The ceasefire deal was negotiated and drafted between the US Secretary of State, John Kerry and Russian Foreign Minister, Sergey Lavrov. The agreement aimed to bring a seven-day long interim cease on the Syrian war, so that humanitarian aid could be delivered to those civilians trapped in the interior territories. The deal was supposed to strike between these two countries, a sharing of intelligence for coordinating air strikes against the Islamic State and Al-Qaeda affiliated terrorist groups. The truce does not apply to the terrorist group Jabhat Fateh al-Sham, a former subsidiary under Al-Qaeda. Whereas the Syrian government
and the Iran and Lebanese Hezbollah armed groups have agreed to the deal while expressing mild apprehensions.
Sadly, just a few days into the ceasefire agreement, suspicions between the two sides grew after Russia attacked a convoy carrying humanitarian aid. The opposition units had also failed to withdraw their forces blocking the road to Aleppo, one of the worst affected cities by this ongoing crisis. Later in the week, the United States was blamed as well, for ‘criminal negligence’ by the Russian government. An airstrike headed by the US-led coalition killed over 60 Syrian soldiers. The Pentagon termed this as a mistake and the government clarified that the attack was intended only to target the IS position but that it may have accidently hit the government troops.

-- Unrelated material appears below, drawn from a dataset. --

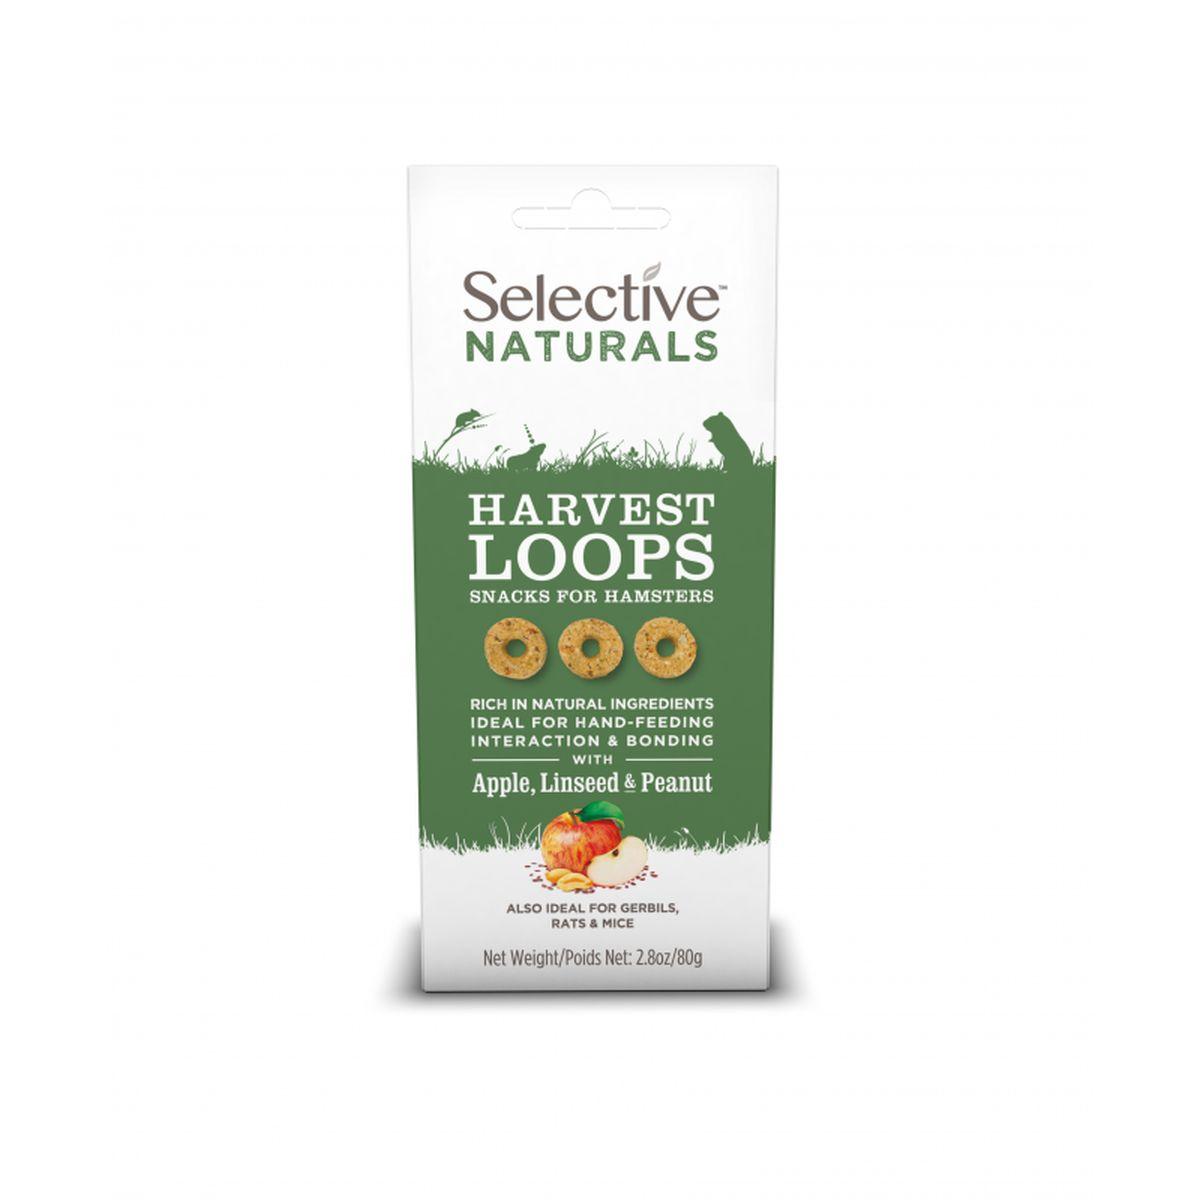 SUPREME SELECTIVE NATURALS HARVEST LOOPS

Despite this, the tensions are soaring and this reflect the conflicting interests between the two nations. The diplomacy war they are waging is in complete vain and fails to provide any respite to the civilians caught in the throes of this massive battle.
During the committee sessions of the United Nations Security Council, John Kerry urged Russia to comply with the ceasefire agreement. He accused Moscow of allowing President Assad to violate the truce intended to create a humanitarian corridor for the suffering civilians. This also indicates America’s growing frustration in ensuring that Russia insists Assad complies with the agreement. He was quoted saying that, “this attack has dealt a very heavy blow to our efforts for bringing peace to Syria, and it raises a profound doubt about whether Russia and Bashar al-Assad’s regime can or will live up to the obligations that they agreed to.”
The High Negotiations Committee (HNC) has welcomed Kerry’s remarks on grounding the Syrian air force. They want this demand to be backed with the threat of military force. Bassma Kodmani, a spokesperson from HNC said that that only way of ensuring that Russia and Assad halt their brutality and the indiscriminate killing of civilians is through a clear, public guarantee and the declaration of a no-bomb zone.
The quest to conjure a political solution to this issue, which has been going on for five years, has cost over 40,000 lives and displaced a million others, is of the most utmost importance. It seems today that the Syrian issue for all the nations involved is one of furthering their personal interests only. There seems to be no discourse for a global dialogue that can ensure a consolidated effort to end this crisis.